== Available data ==
* * * * * * *
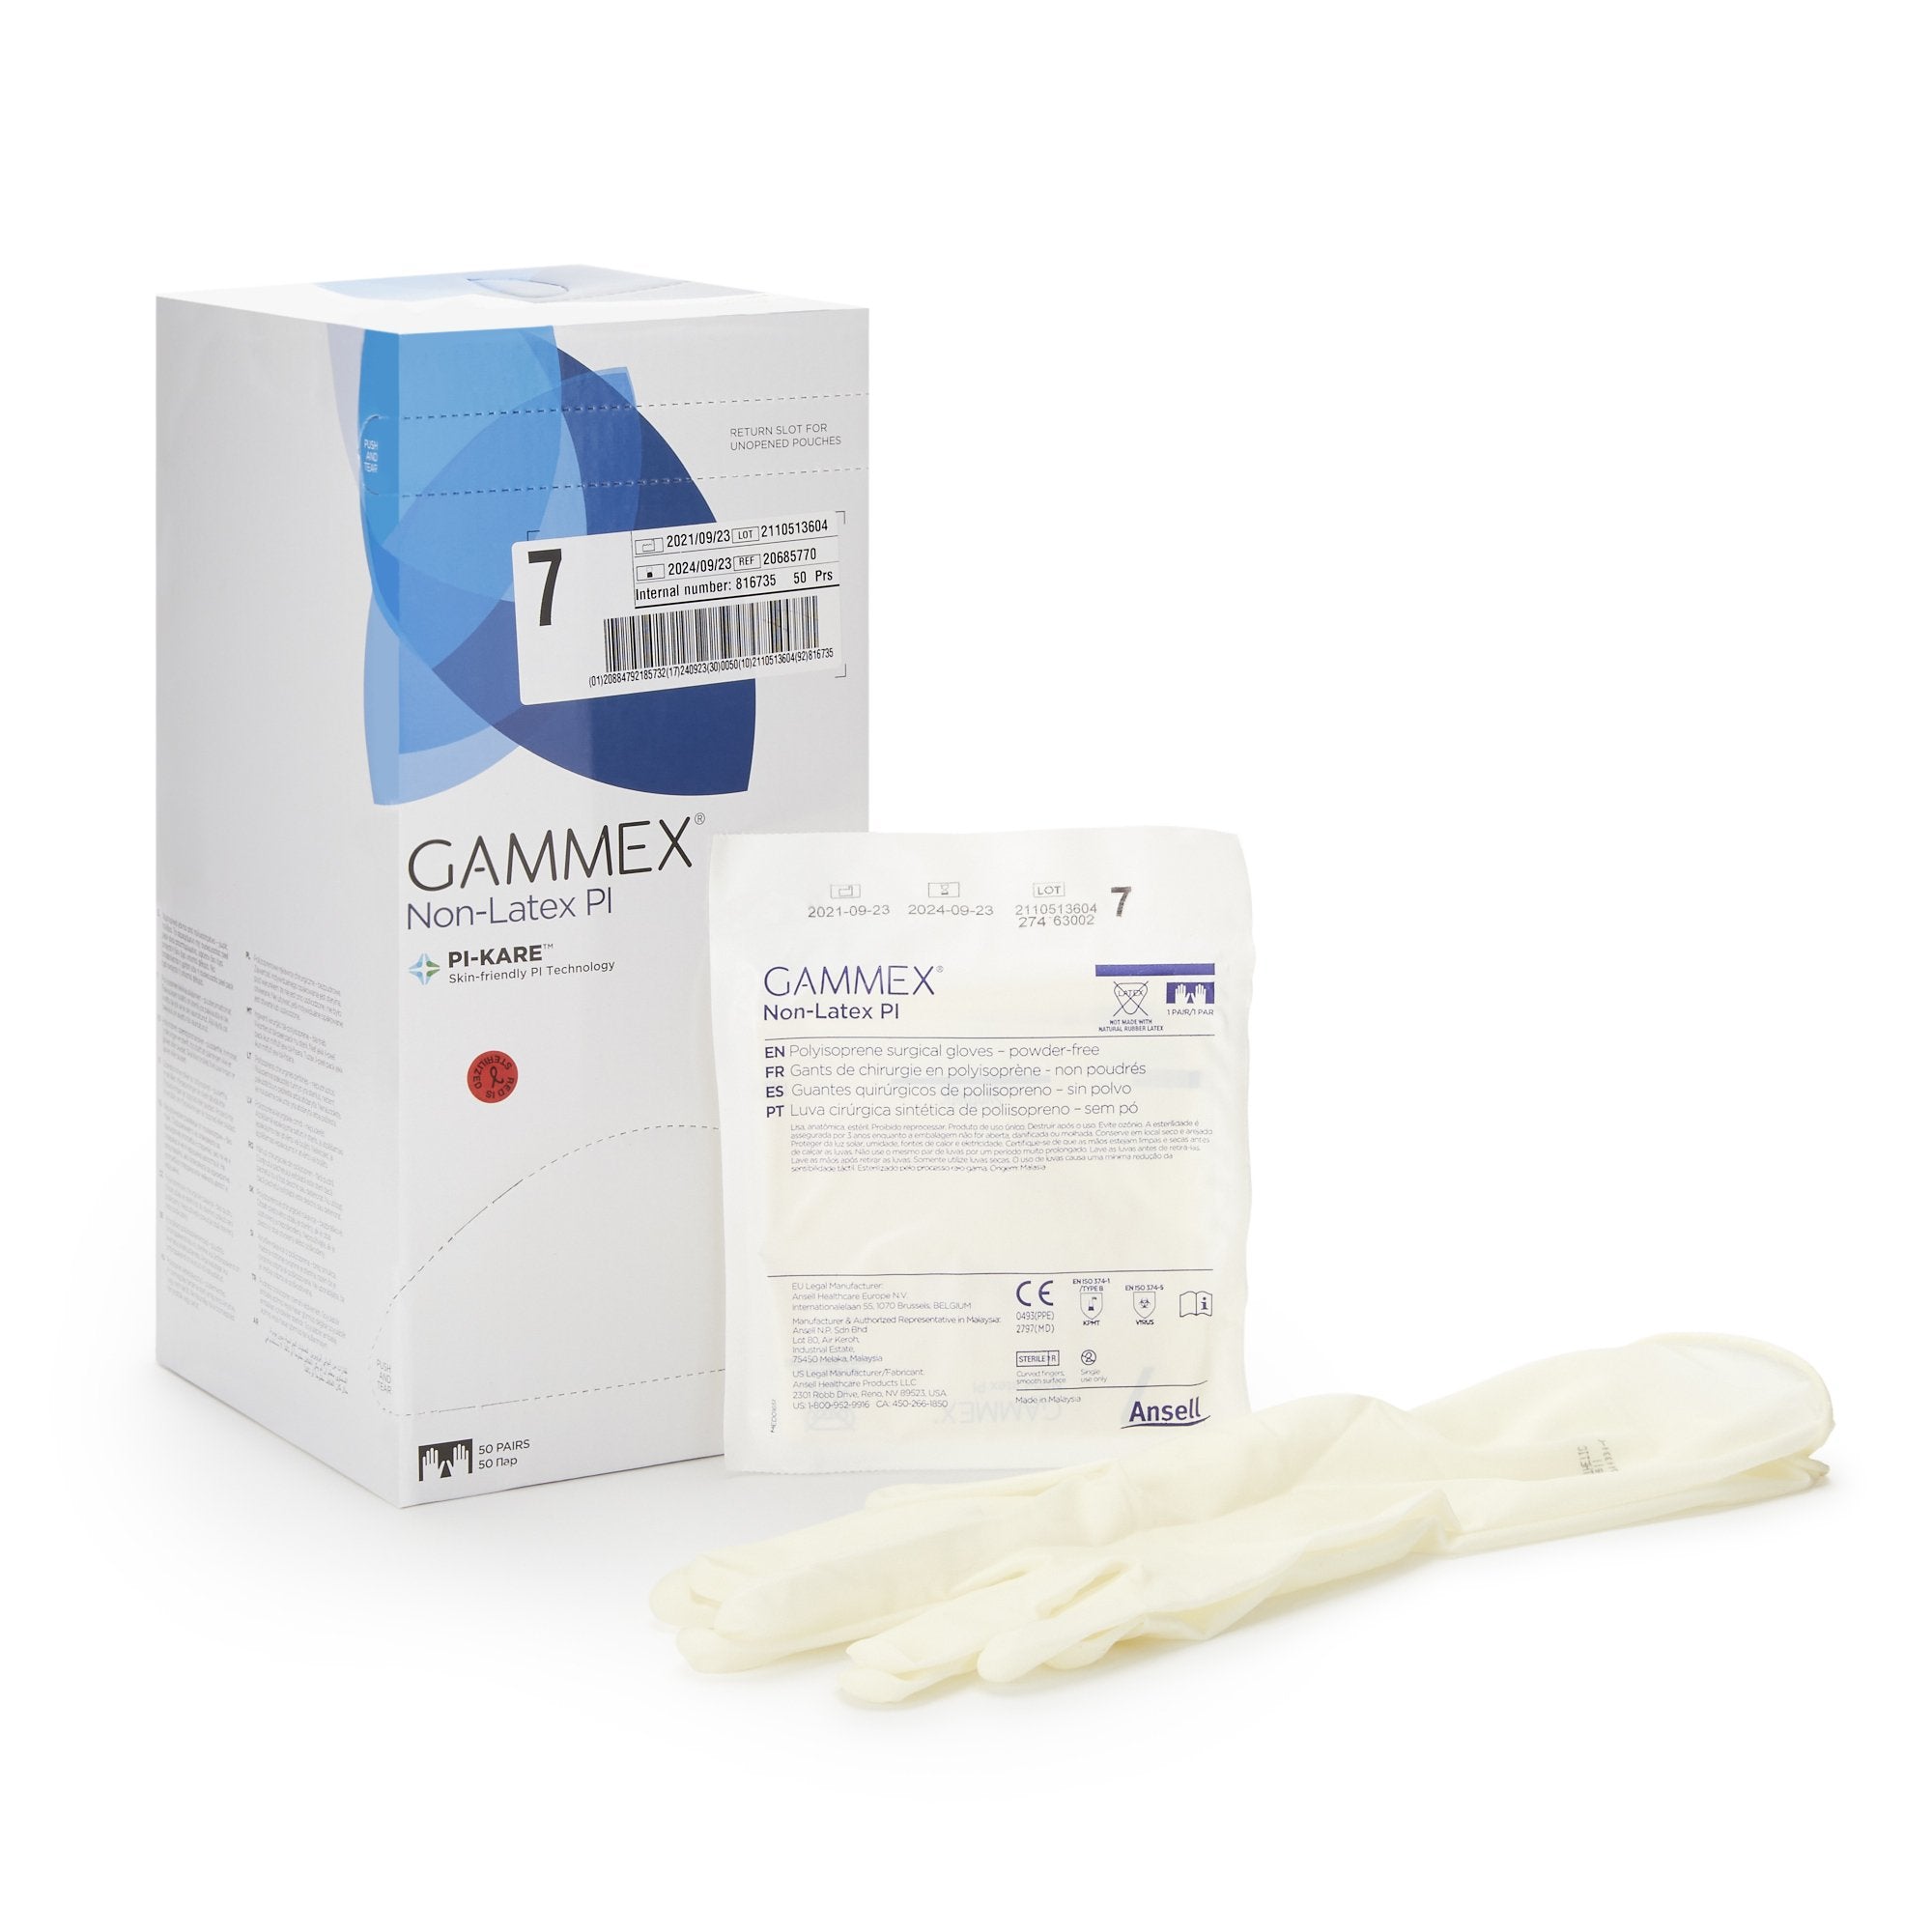 Ansell #20685770 Surgical Glove GAMMEX® Non-Latex PI Size 7 Sterile 50/bx
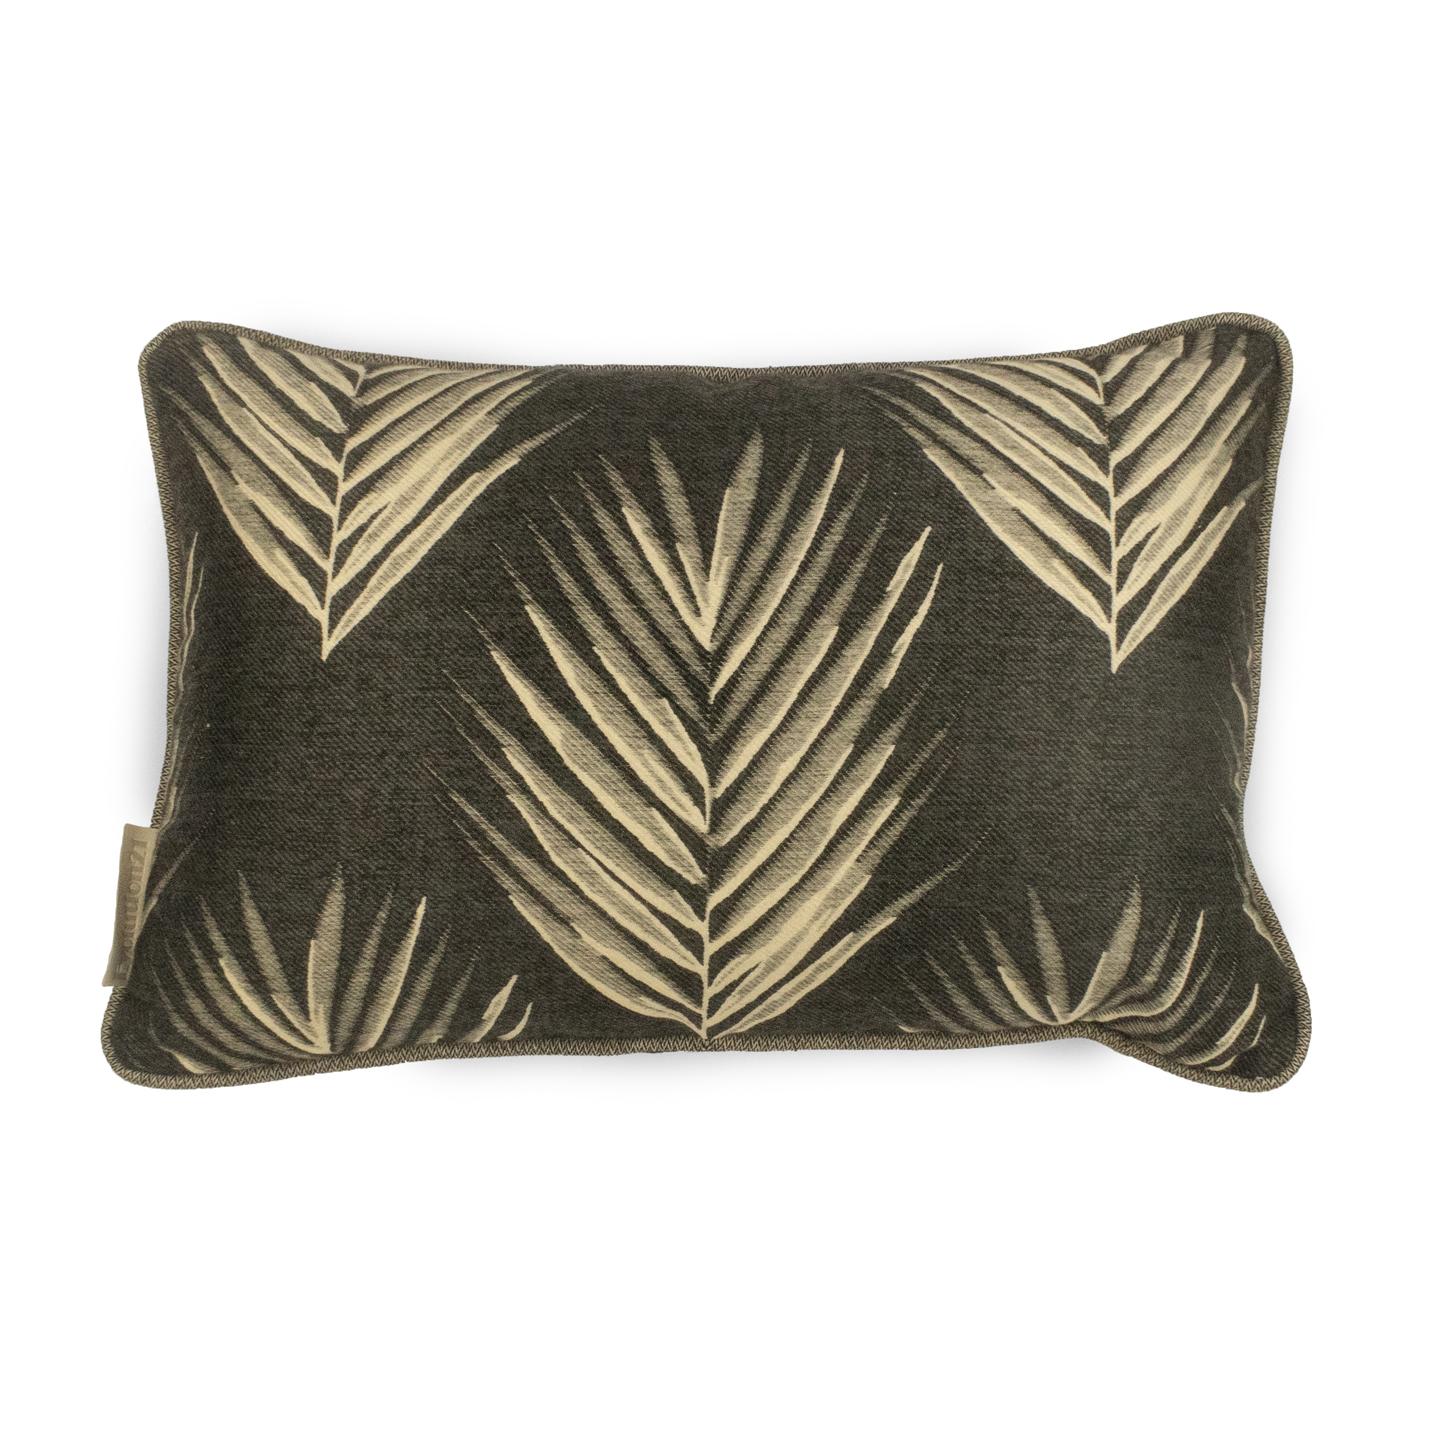 Modern Cushion / Pillow Patterned Bamboo Reverse Leaf Greyblack by Evolution21 For Sale
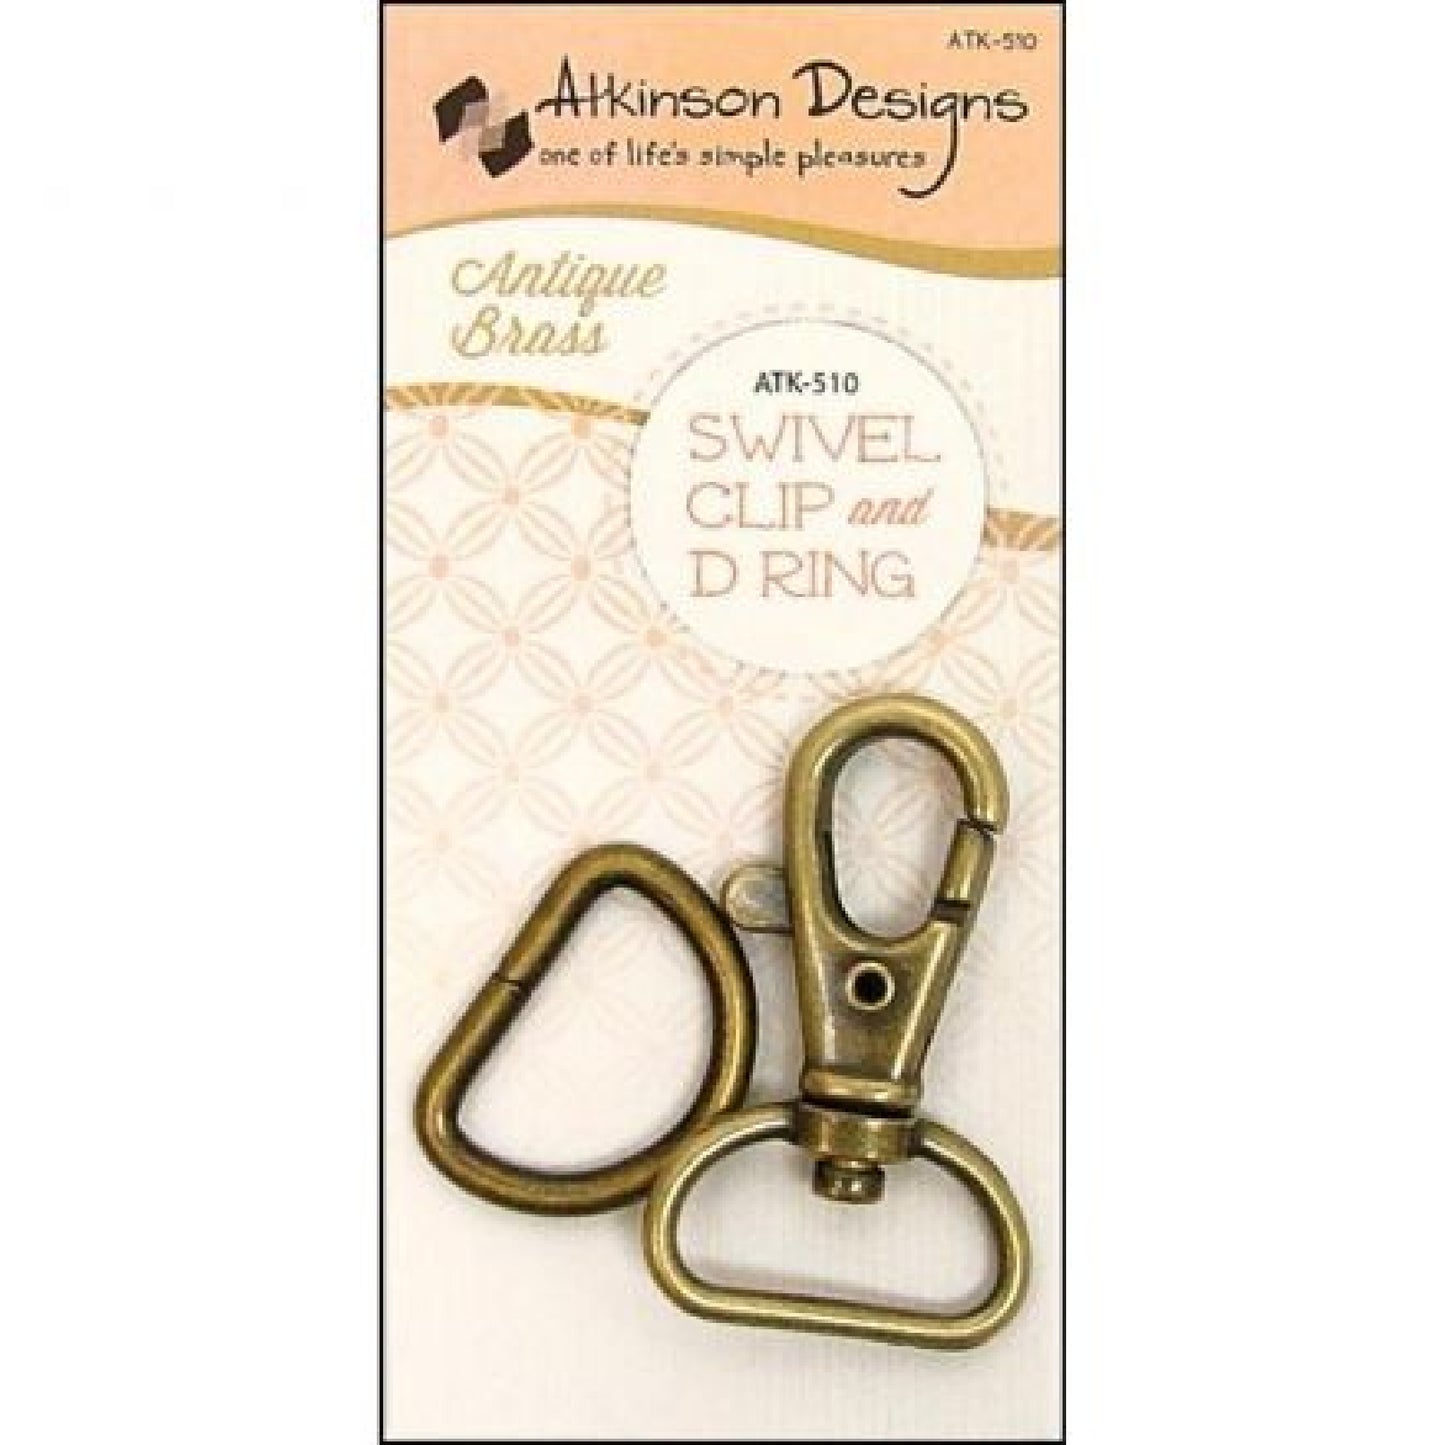 The Swivel Clip & "D" Ring in Antique Brass & Nickel 3/4" - Nonna's Notions N' Sew On
* * * * * * *
== Task to complete ==
Leaving all pictures aside, print exactly the lines from the one that contains "Modern Cushion /" through the last line of the data above, inclusive.

== Output of the task ==
 Modern Cushion / Pillow Patterned Bamboo Reverse Leaf Greyblack by Evolution21 For Sale
 The Swivel Clip & "D" Ring in Antique Brass & Nickel 3/4" - Nonna's Notions N' Sew On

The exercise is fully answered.